CURV has been tasked with bringing together all partners and stakeholders to develop and deliver an intelligence and evidence-led strategy. It would aim to reduce serious violence across Cleveland through a public health agenda.
The core function of CURV is to provide leadership and strategic coordination of Cleveland’s response to serious violence.
The partnership will deliver this by strengthening partnerships, working with communities and ensuring specified authorities, partners and key stakeholders collaborate to achieve agreed objectives.
Key Measures
CURV’s primary measures of success are to deliver the following:
- A reduction in hospital admissions for assaults with a knife or sharp object – especially among victims aged under 25.
- A reduction in knife-enabled serious violence – especially among victims aged under 25.
- A reduction in all non-domestic homicides – especially among victims aged under 25 involving knives.
Cleveland ranks among the top 10 areas for police-recorded knife crime and hospital admissions for knife/sharp object assaults. As rates are continuing to rise, CURV will prioritise activities, which seek to reduce these figures.
Activities will be aligned with the Youth Endowment Fund (YEF)toolkit of interventions. They will focus on those deemed to be ‘high impact’ or ‘moderate impact’ with ‘high evidence’ in order to contribute to the reduction of serious violence.
Such interventions should include the following:
- Effective engagement with under-25s – but not excluding adults.
- Steering young people away from serious violence, crime, or potential harm.
Navigator programmes – specifically A&E Navigator programmes – are classified by the YEF toolkit as ‘High Impact.’ The Home Office accepts that Custody Navigators meet the same requirement.
Custody Navigator Scheme
The Custody Navigator Scheme aims to work primarily with young people – especially those aged 10 to 25 – once they have entered the criminal justice system.
It will add a ‘tertiary1’ intervention to Cleveland’s Youth Justice Services (YJS) suite of interventions. It will compliment youth justice ‘Turnaround’ intervention, which aims to ‘achieve positive outcomes for children, aged 10 to 18, with the ultimate aim of preventing them from going on to offend’.
CURV is approaching the end of its first year of delivery and Cleveland is experiencing some of the highest rates of police-recorded knife crime and hospital admissions for sharp object assault.
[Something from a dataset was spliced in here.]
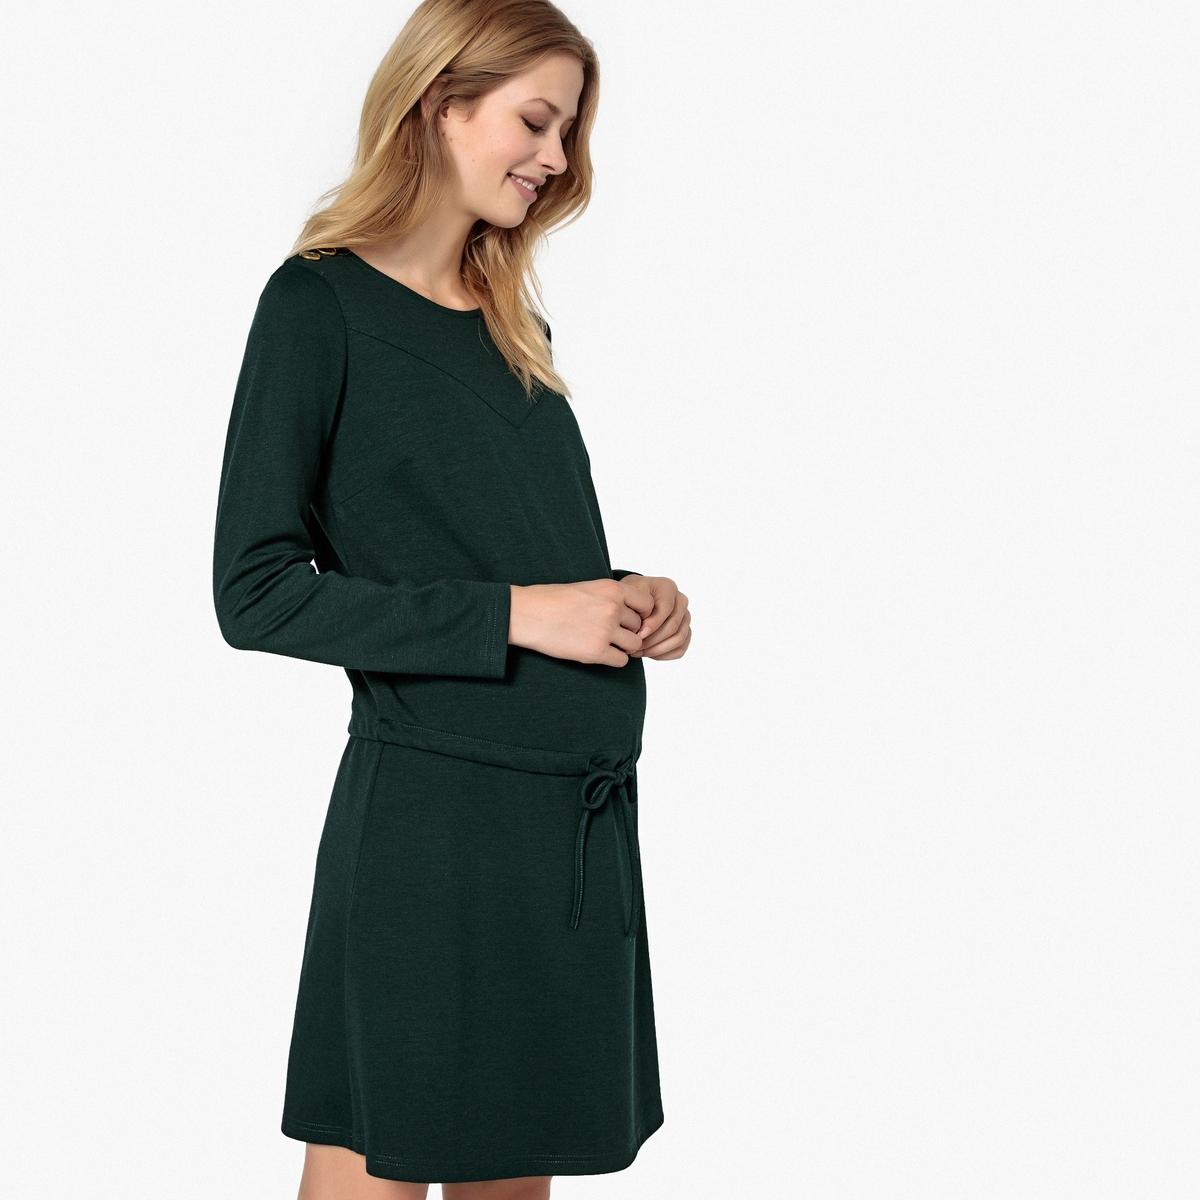 Платье La Redoute С длинными рукавами из трикотажа для периода беременности L зеленый платье la redoute из трикотажа для периода беременности s другие

As a result, there is an urgency associated with the need to implement tried and tested, Home Office-approved interventions. They will seek to stem the continued rise in knife crime and admissions.
In the longer term, activities will contribute to their reduction as part of a wider suite of interventions developed through CURV.
Time Critical Mobilisation
The Custody Navigator Scheme is therefore a time critical priority, with the need to run the pilot for the duration of CURV’s initial three-year funding.
That’s to ensure there is a robust evaluation framework, which can sufficiently justify long-term funding of a contracted service beyond this period by partners.
Cleveland’s three YJS services are able to mobilise at pace and establish the scheme in the current budget year.
As a result, that will capitalise on already established partnerships to ensure the service immediately delivers against the scope of practice and can work closely with CURV to ensure robust evaluation that will help shape the future commissioning intentions.
At a local level, preventing, reducing, and tackling serious violence is a key priority in the PCC’s Police and Crime Plan.
Performance against funding agreements will be monitored and evaluated by CURV and its contracted evaluation partner. The Home Office will carry out enhanced evaluation.
In addition, the Home Office has also chosen the Custody Navigator Scheme as one of its national ‘enhanced evaluation’ pilots.
1 Young people who are already involved with the justice system
Decision 2022/2023 0028: YJS Navigators (application, 211kB)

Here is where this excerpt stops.